Edible Chocolate Chip Cookie Dough Recipe Ingredients
- Salted Butter
- White Sugar
- Brown Sugar
- Milk
- Pure Vanilla Extract
- Heat Treated All Purpose Flour
- Salt
- Mini Chocolate Chips
Substitution Suggestions
- Salted Butter: You can use unsalted butter, but I suggest adding another ¼ teaspoon of salt to the cookie dough.

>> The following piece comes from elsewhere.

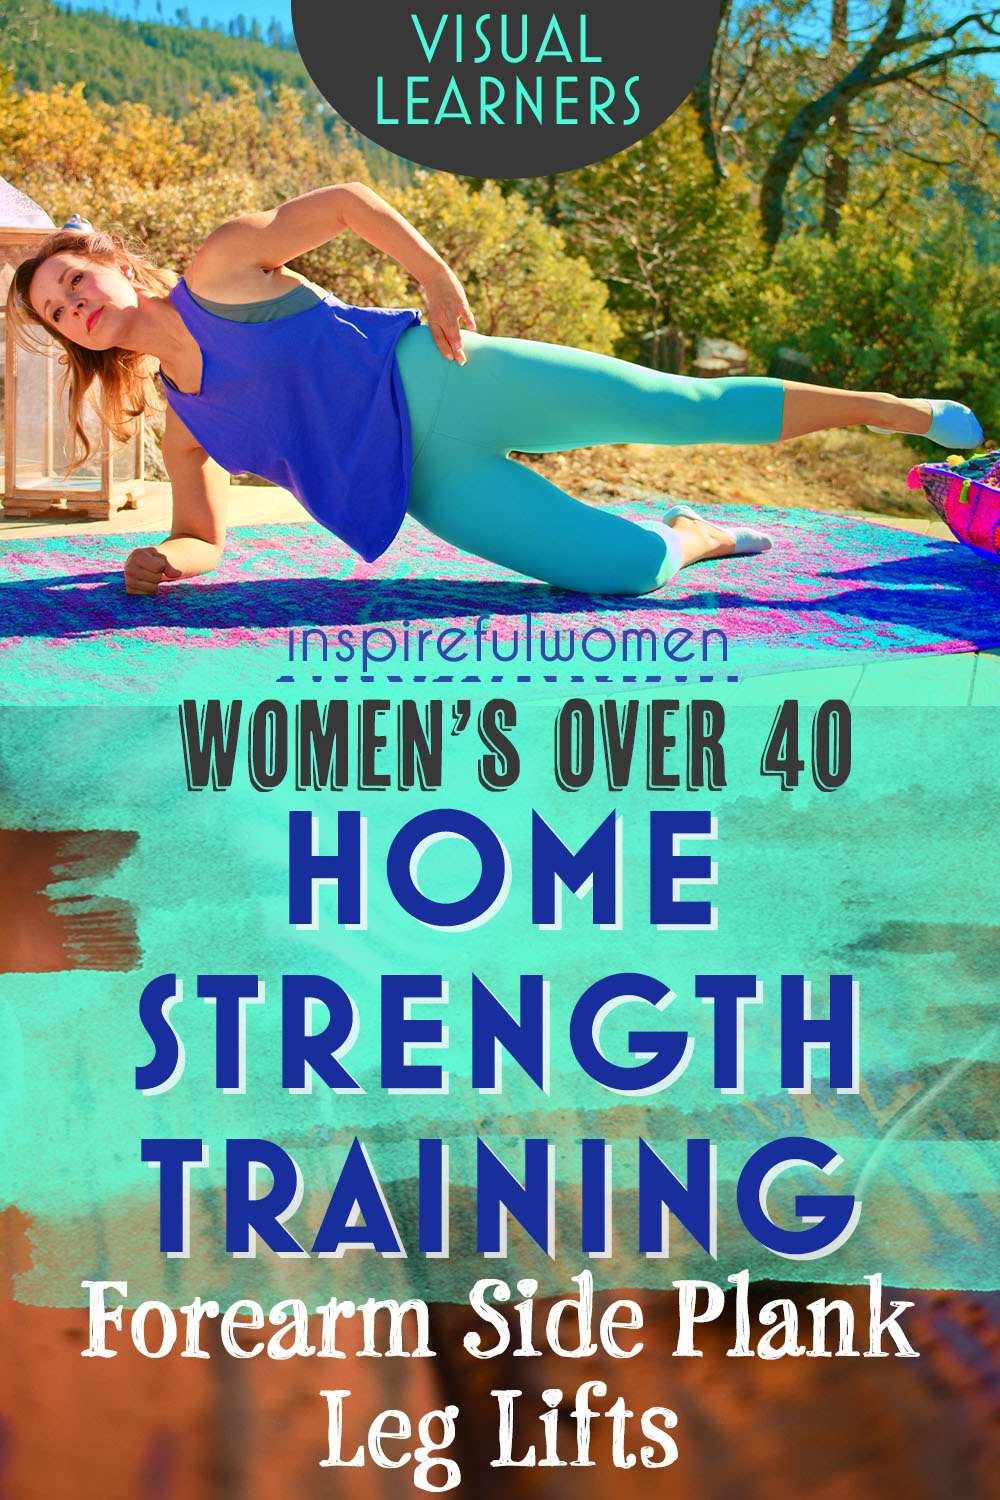 elbow-side-plank-leg-raise-glute-strength-training-at-home-women-over-40
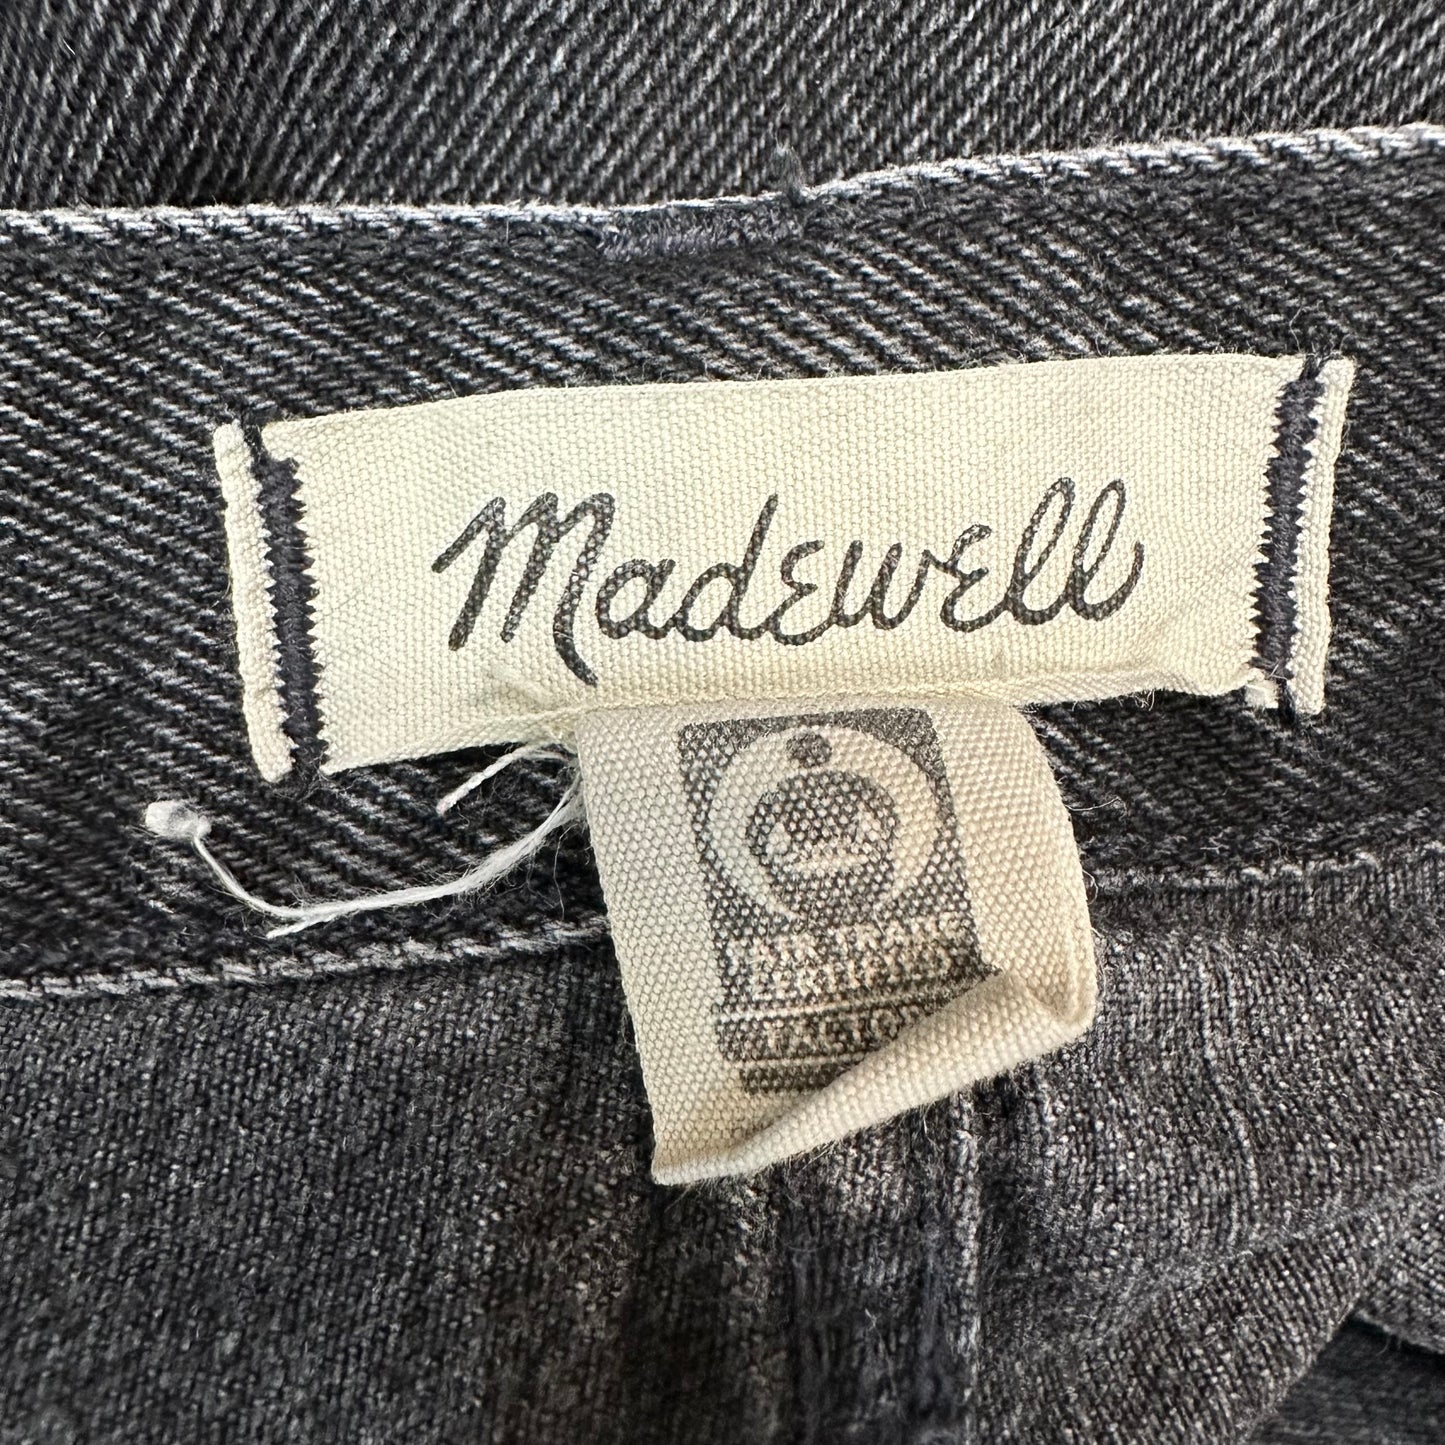 Madewell Baggy Straight Jeans Gray Black High Rise Cotton 26

- Milk: Any type of milk can be used. I typically use 2% cows milk because that's what is in my fridge and what my family drinks. However, you can use skim or whole. You can also use almond milk or soy milk.
- Pure Vanilla Extract: You'll want to use the pure extract, especially in this recipe and other no bake recipes. The imitation extracts are chemically made and can leave an unpleasant after taste.
- All Purpose Flour: White whole wheat flour or whole wheat flour will work with this recipe. You can also use a blend of half all purpose flour and half whole wheat flour. The dough will be a little darker in color. It will all heat treat safely and taste delicious.
- Mini Chocolate Chips: I like to use semi-sweet mini chocolate chips for the authenticity of a chocolate chip cookie dough. However, this cookie dough is really good with dark chocolate chips too! Use your favorite! You can also chop up a chocolate bar and use that too.
How to Heat Treat Flour
Heat treating flour needs to be done to kill any harmful bacteria. It can be done one of two ways. Either in the oven or in the microwave. Both ways work well as long as the flour is heated to at least 160°F. I personally prefer the microwave because it is a lot faster.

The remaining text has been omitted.